In this content, I’m going to use the BAii plus calculator to resolve this amortization trouble. A $450,000 mortgage, financed at 2.Eight% compounded semi-annually, calls for month-end bills of $1850. How many payments are required? To resolve this, allow’s first set P/Y to 12 (since payments are made month-to-month), and then we set C/Y to two for semiannual compounding. Press 2nd Quit. Next input 2.8 I/Y for interest, 450,000 for Present Value, 1850 (negative) for payments (since payment is an outflow), and then 0 Future value since we plan to pay off the mortgage at the end. And when we compute N, we obtain 358.53. That is, 359 payments are required. The length of the 359th charge, however, might be smaller than the preceding payments of 1850. To find the principal repaid in the 10th payment, we press 2nd AMORT, set P1 to 10, ENTER, scroll down, set P2 to 10 as well, ENTER and when you scroll down, you see the outstanding balance after the 10th payment, when you scroll down again, you see the principal repaid in the 10th payment which is 823.06.
Mortgage Calculations using BA II Plus
Now we want to calculate the total interest paid in the 2nd year.

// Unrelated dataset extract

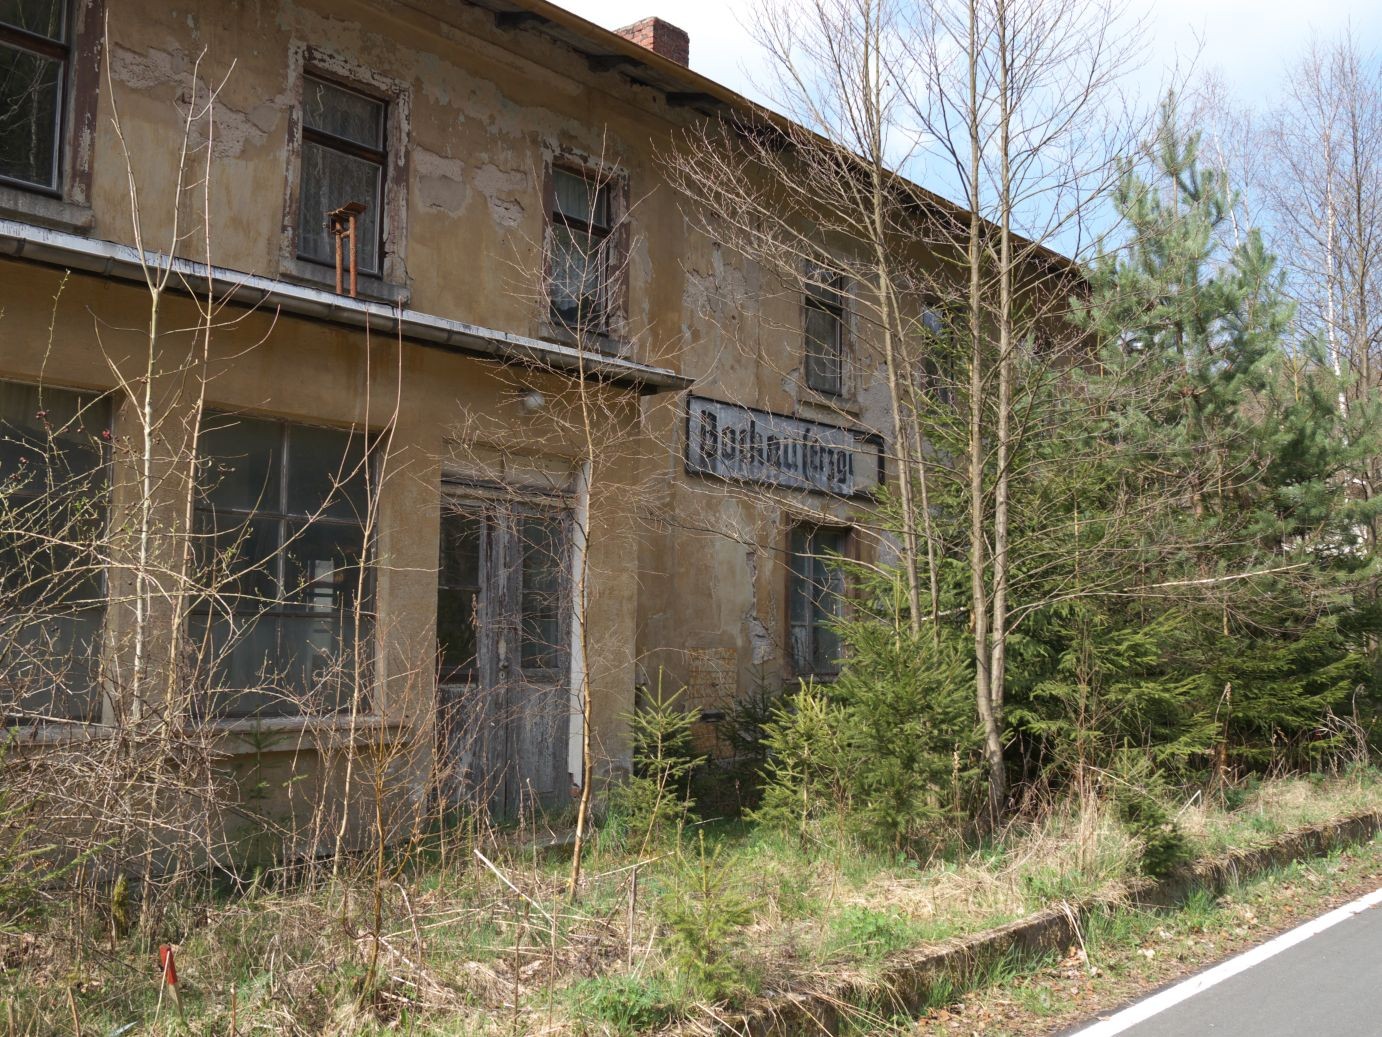 der alte Bahnhof von Bockau macht einen trostlosen Eindruck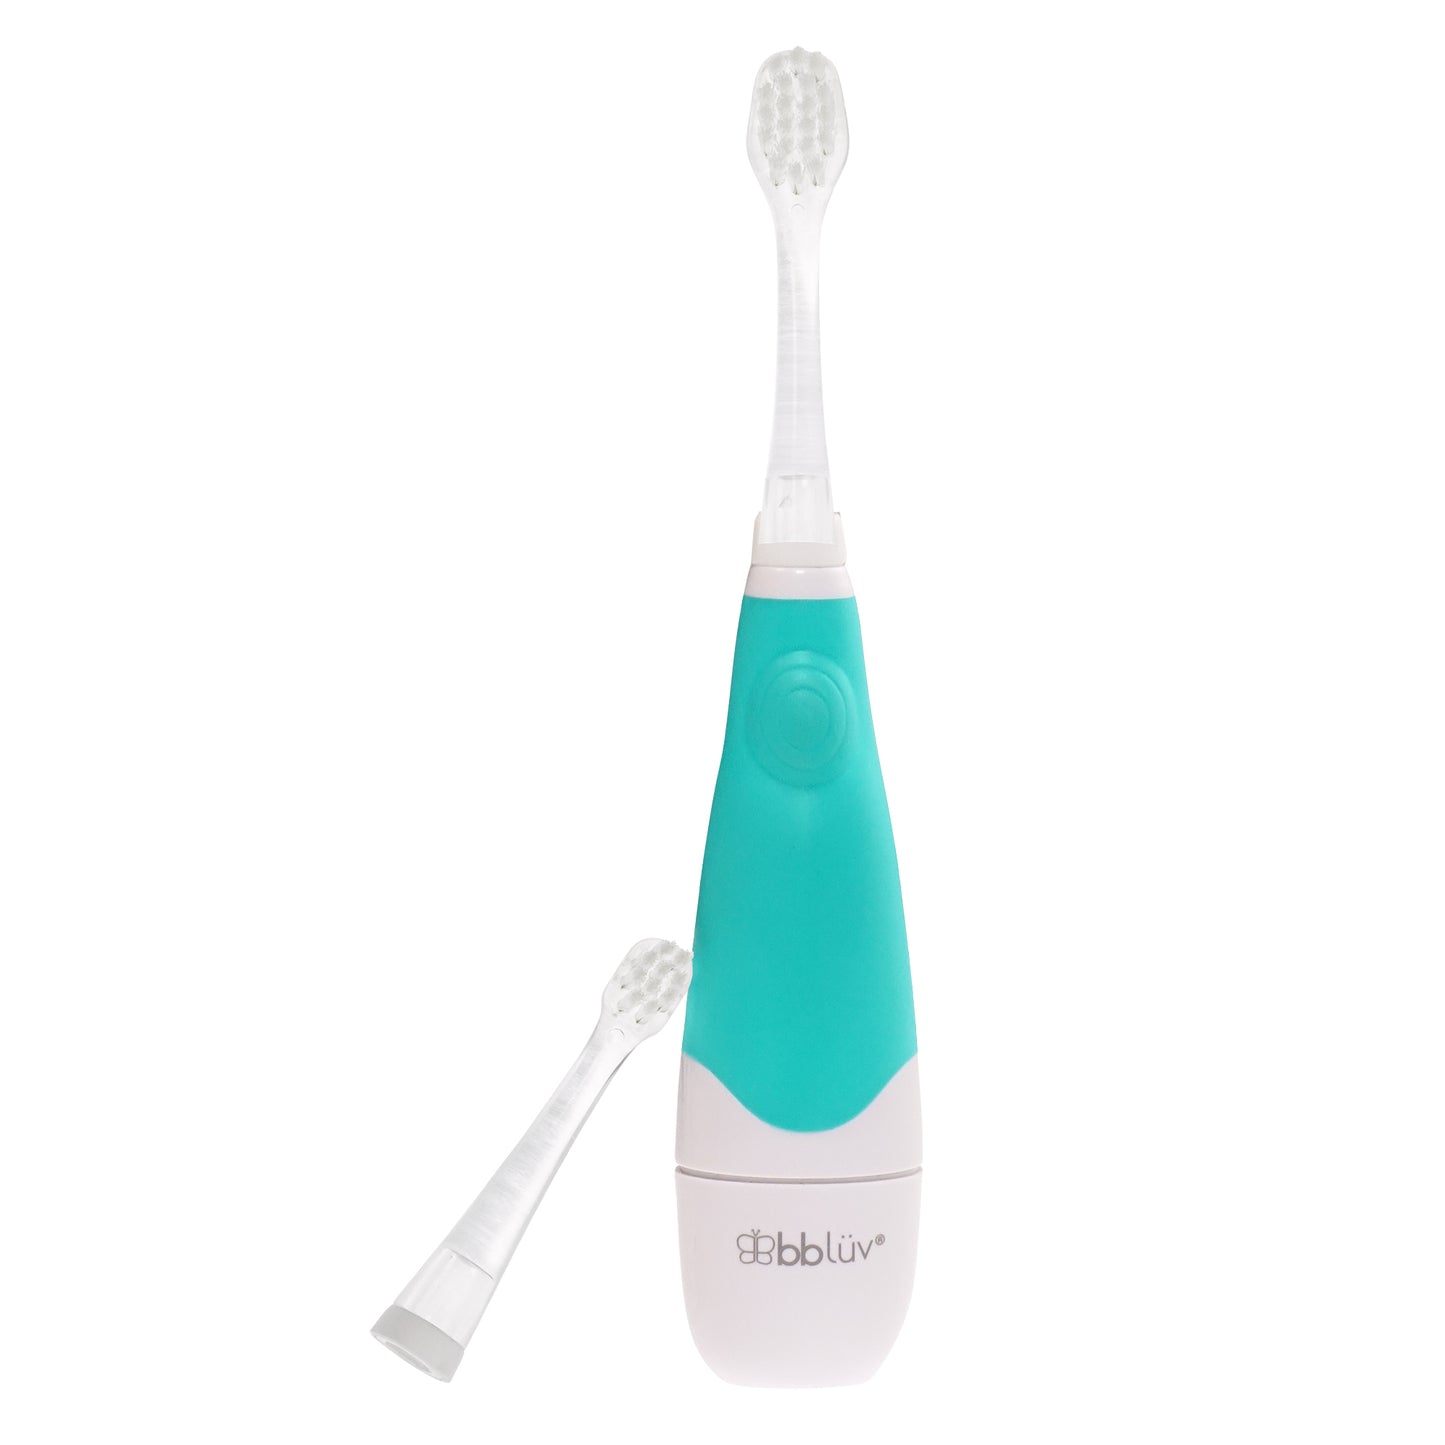 Cepillo de dientes eléctrico Sonik- Bblüv

Since payments are made monthly, the first year comprises of payments 1 to 12. The second-year will comprise the next 12 payments which will be 13th to the 24th. So we set P1 to 13 ENTER, and scroll down , and then set P2 to 24 ENTER. Scroll right down to interest, and we’ve got total interest of $12,126.51 for the second year.
Next, we want to calculate the first-rate predominant stability at the Quit of the primary 4 years. Since bills are made month-to-month. In 4 years, we’ve got 4 times 12, which equals 48 bills. So second AMORT, P1 can be any price less than forty-eight, but we need to make sure we set P2 to 48 ENTER. And while we scroll down, we see that the balance is 409122.15. To locate the full hobby paid inside the first five years, we set P1 to at least one, scroll down, and set P2 to 5 time 12, which equals 60.ENTER then scroll down to INTEREST, and we have 59,172.31. Next, we find the size of the final payment. Recall that N equals 358.53, So the final payment is the 359th payment.
So we set P1 and P2 to 359. And here that the amazing balance is 870.25 which actually represents an overpayment of account, if we make the regular payment of 1850. So to discover the desired remaining charge, we subtract the overpayment value of 870.25 from the everyday price of 1850, and that offers 979.75. So the last payment size is 979.75. So the size of the last payment is 979.75.